Monday, July 14, 2008

Ghost Story: A Haunting Failure

I haven't had time to check the library yet, but somewhere out there is an essay titled "How the '80s Almost Killed the Period Film". Someday I hope to explore this premise further -- how decades' worth of best filmmaking practices were suddenly forgotten. How lighting became a lost art and anything old or eerie had to be so blown out and diffused as to be nearly invisible. Well, in the case of Ghost Story (1981), it looked like the horror genre was also set to take a hit during that decade. Thankfully, it suffered only a temporary set back that year.

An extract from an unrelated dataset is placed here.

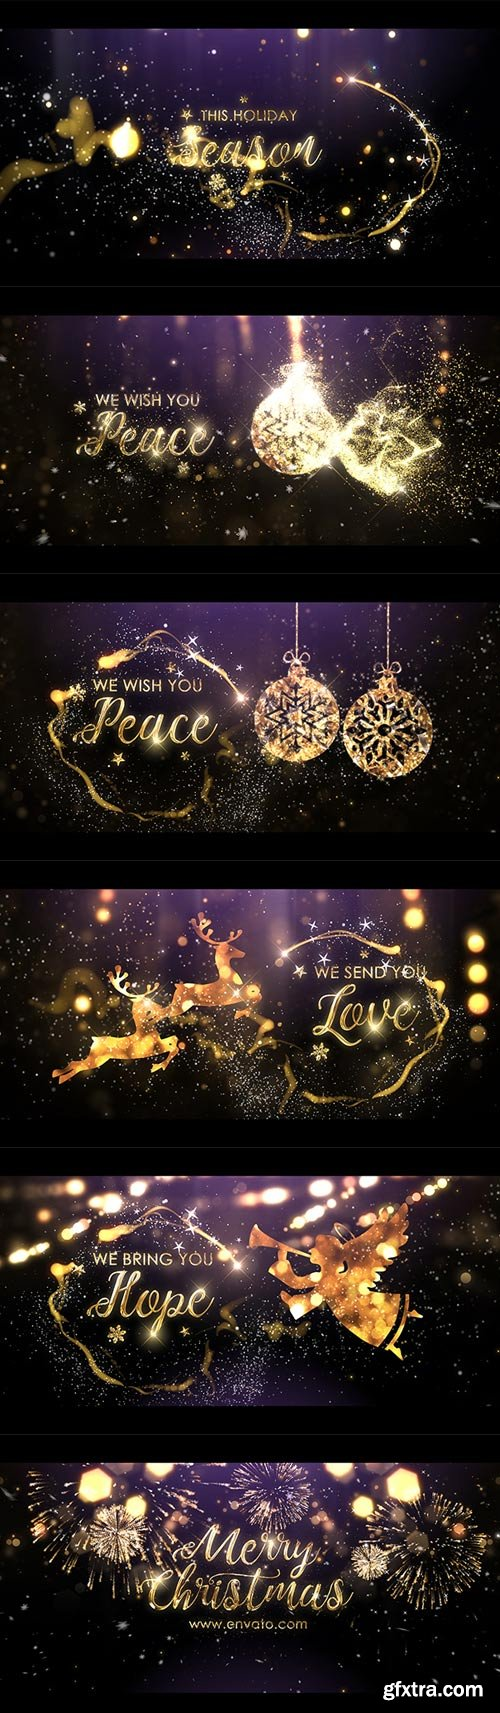 Videohive - Christmas - 22802936

Ghost Story is one of those theatrical releases that gives the impression it was made for television. Was the cast displayed in little photo boxes across the bottom of the one-sheet, like an Irwin Allen film? I don't think so, but it should have been. It's taken me 27 years to get up the steam to watch this movie. A tender youth at its release, I knew three of the cast (Douglas Fairbanks Jr., Fred Astaire, Melvin Douglas, John Houseman) from their black & white glory days. Seeing them old was wholly unappealing to me as a kid. Minus glamor and dash, their personas were replaced by generic wrinkled age. It cemented the sense I'd grown up with that all the best times and people had passed their prime long before my birth. Depressing. So it was only this week, while trapped in the house on a rainy day when I should have been doing many other things, that I found the movie On Demand and decided it was time.

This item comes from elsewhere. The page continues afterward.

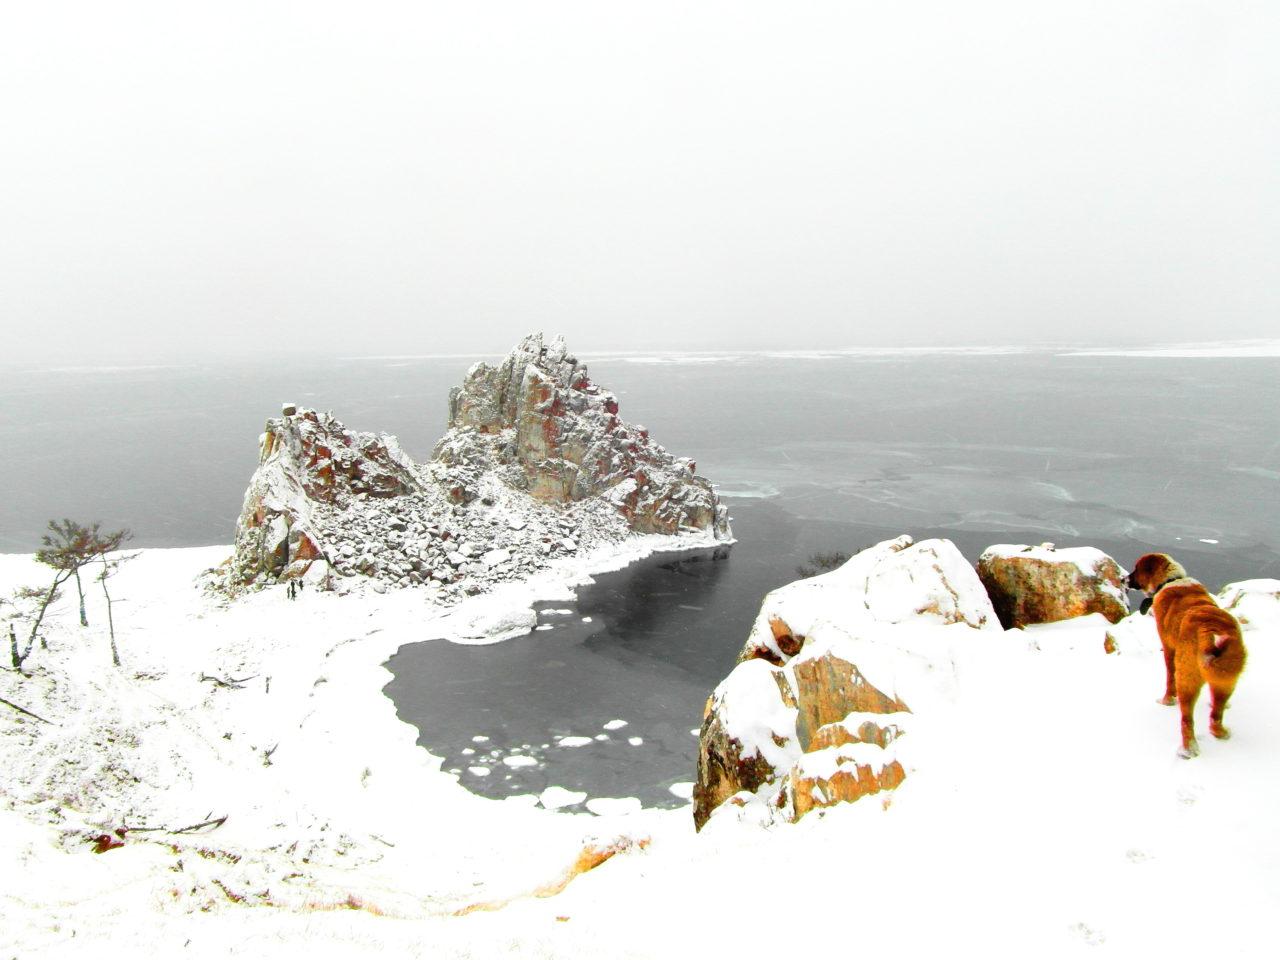 Schamanenfelsen auf der Baikal-Insel Olchon im Winter / Peggy Lohse

Now, as per the premise of this blog, I love schlock. I celebrate the so-bad-it's-good. But this movie was awful. I might even call it the unscariest AND unfunniest unscary film ever made, with weak performances from what were once the pride of Hollywood and even worse acting from their young and then-unknown counterparts. Unexplained characters appear and disappear. It is so dull as to be nearly unwatchable. So lacking in tension that I almost forgot it was on. Heck, I almost forgot what I'm writing about! And did I mention those period sequences?

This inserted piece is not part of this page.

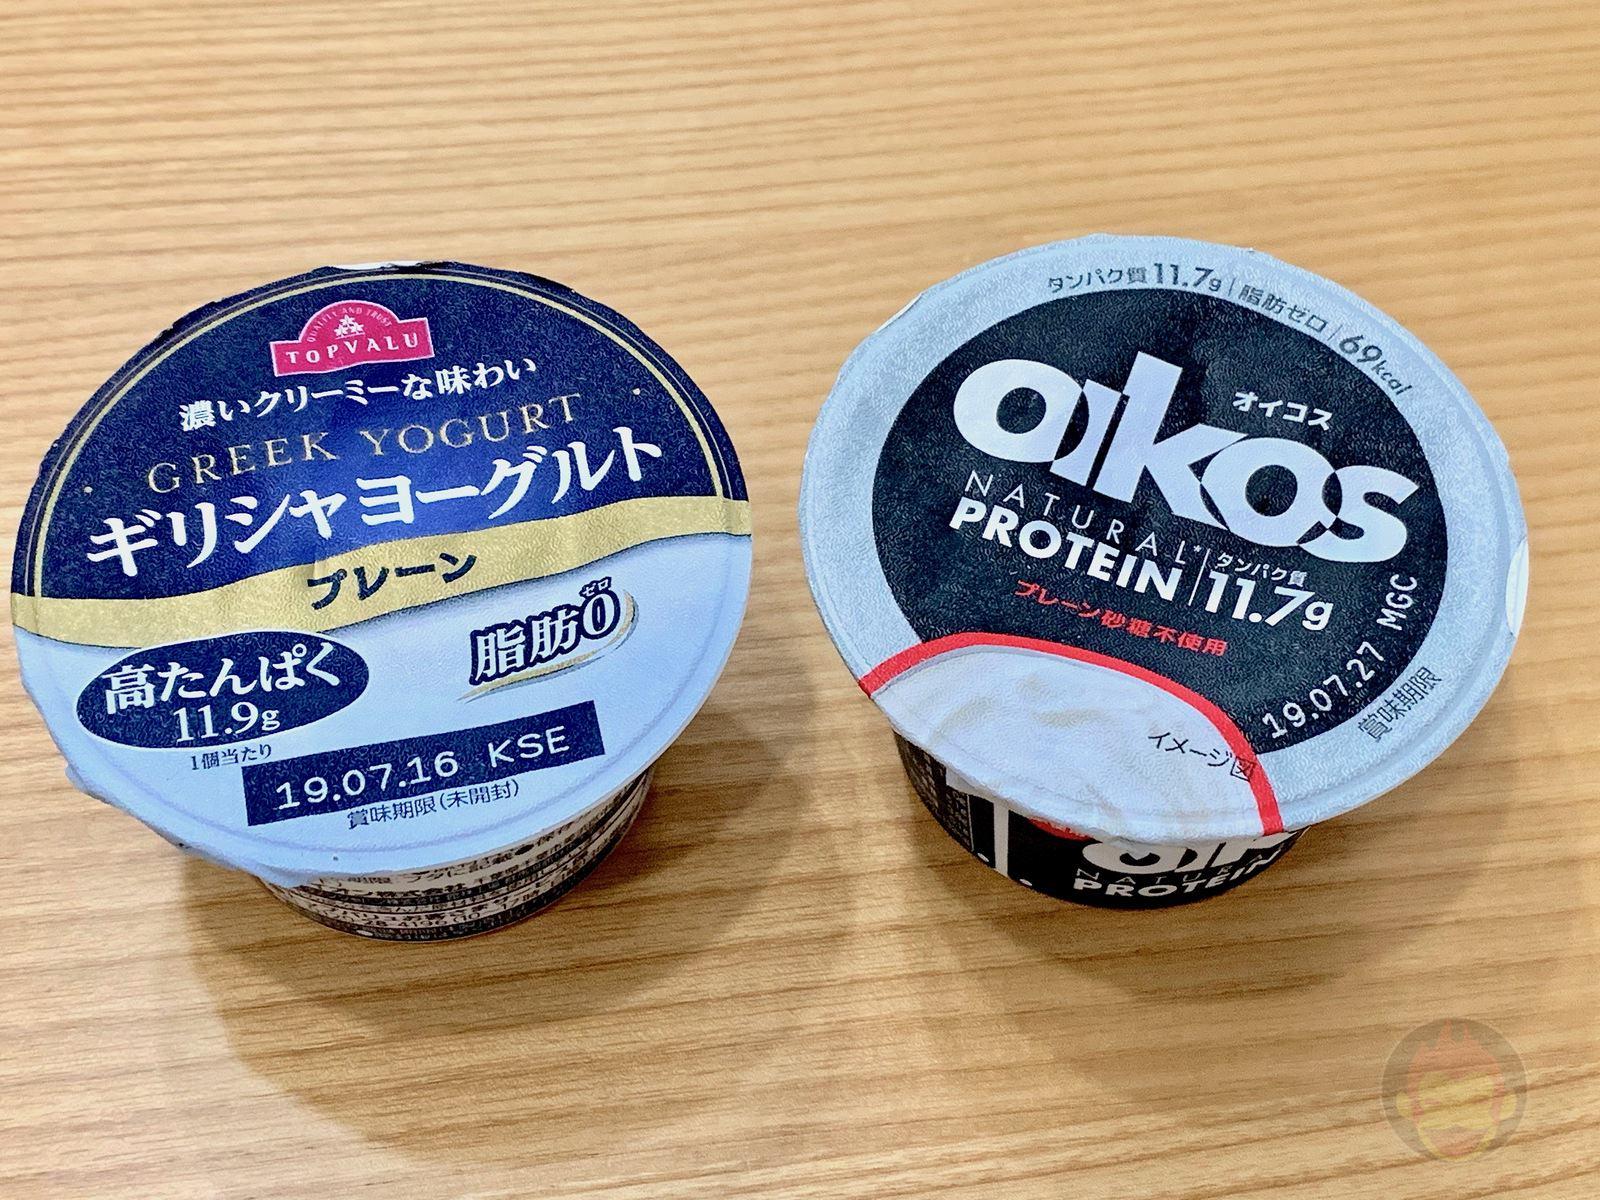 Oikos-TopVALU-Comparison-02.jpg

Clearly, the story itself holds promise, which is what makes its execution all the sadder. One hopes that Peter Straub's novel is better. Alice Krige's performance is not so bad as the undead and unforgiving love interest. But the rest of the cast...? Through '70s television I'd grown accustomed to the abuse of fine, aging stars. Love American Style, The Love Boat...need I say more? But the phenomenon is especially hard to take in Ghost Story. Surely these former idols did not want to be remembered en masse in this mess! And Patricia Neal fares no better. Do I sound disappointed? Bitter? I guess I am. After so many years, I held out hope the film would be better than I imagined, a hidden gem, a pleasant surprise. But no. Some mysteries are better left unsolved. And unfortunately, it was the last film appearance for Astaire and Fairbanks. Douglas died later that year, after having finished The Hot Touch.

I did learn something unexpected through this viewing: I'm no less squeamish about seeing the once vital heroes of Hollywood's golden age fade and dessicate than I was as a kid. It's hard to have such a vivid reminder of what will happen to all of us. So I guess there is something scary about Ghost Story after all.